Federal Government Mobilizes on Mobility

Ann All

I've written numerous times about the need for the federal government to move toward shared services or at least more standardized IT platforms. I've assigned much of the blame for the government's wildly heterogeneous IT systems to convoluted procurement processes and internal politics. But many problems probably start at an even higher strategic level, with agencies seemingly unwilling and/or unable to collaborate on ideas or share best practices. Lots of mistakes could be avoided and duplicative efforts halted if agencies made more of an effort to learn from each other.


In a bit of heartening news, the General Services Administration is making an effort to corral collective knowledge in promoting the use of mobile devices and applications. An InformationWeek piece about the Making Mobile Gov project cites a blog post written by Gwynne Kostin, director of mobile in the GSA's Office of Citizen Services and Innovative Technologies, who says the aim of the project is to "help federal agencies work together to share lessons learned and creatively problem solve to bring more government information and services to smartphones and other mobile devices."


Through better coordination of its mobile efforts, the federal government is hoping to avoid the kind of crazy proliferation that occurred in the early days of federal website development, resulting in some 20,000 federal websites that the government is still struggling to consolidate. A Nextgov piece mentions some of the 70 or so mobile government apps that have already been introduced, including the IRS2go app, which allows folks to check the status of their tax refunds and a My TSA app that helps users determine whether any of their carry-on items don't meet security requirements.


At least some agencies, including the Housing and Urban Development Department and the Transportation Department, think the best way to get useful apps is by making quality data available to outside developers.

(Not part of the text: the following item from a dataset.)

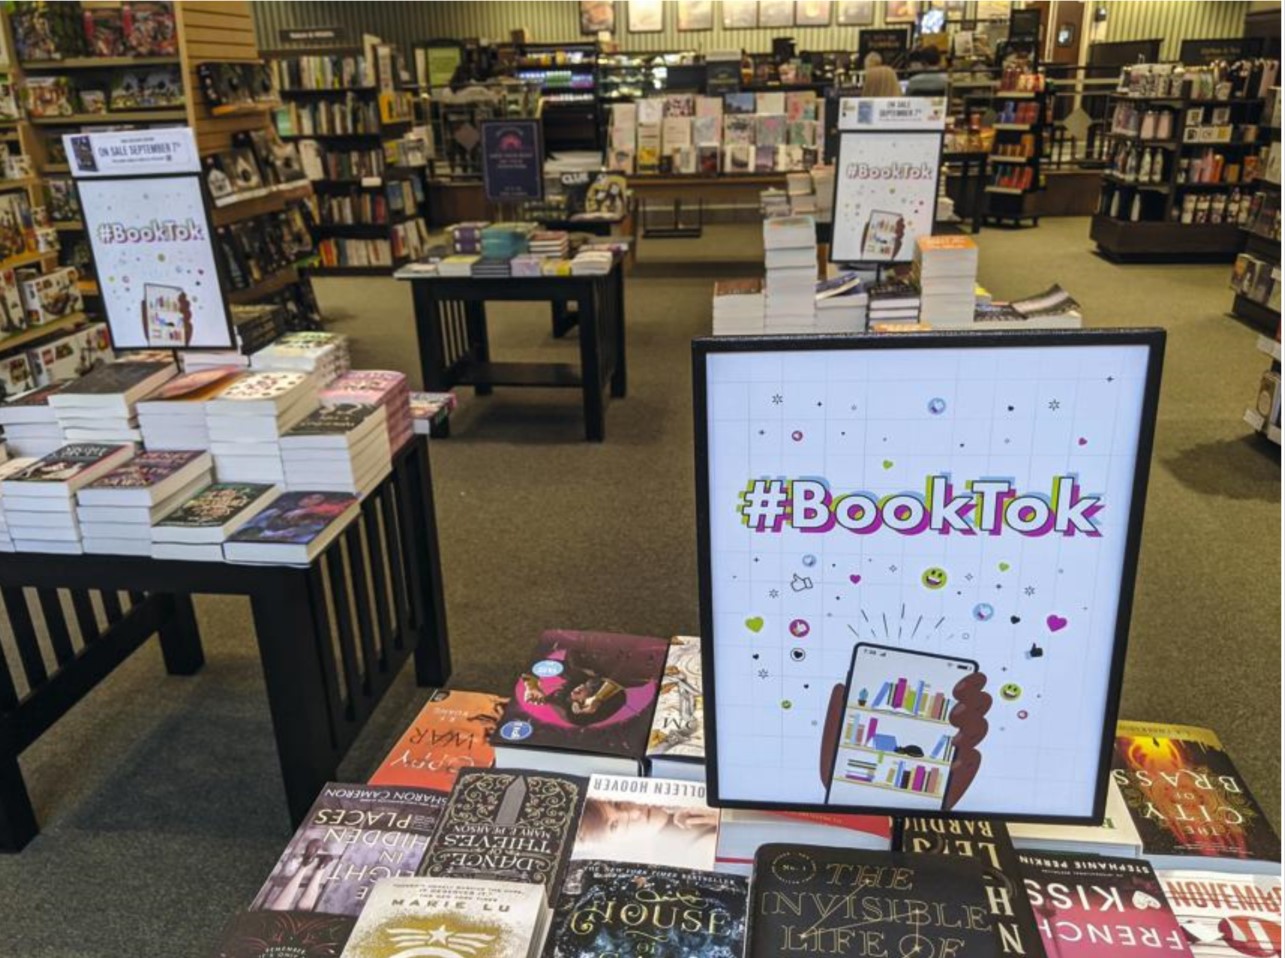 Face à la montée du phénomène BookTok, certains libraires ont décidé de mettre en avant, dans leurs vitrines, les titres vantés par les jeunes influenceurs sur le réseau. SIPA/AP/Tali Arbel

Agencies are also being encouraged not to think of mobile apps as an afterthought. A FCW.com article describes how the Federal Communications Commission ensured a recent website redesign would facilitate spinning off mobile applications, something the FCC was able to do within six days of the overhauled site's launch. The FCC is even crafting its external communications such as news releases with mobile use in mind, by using shorter sentences and simplified formats.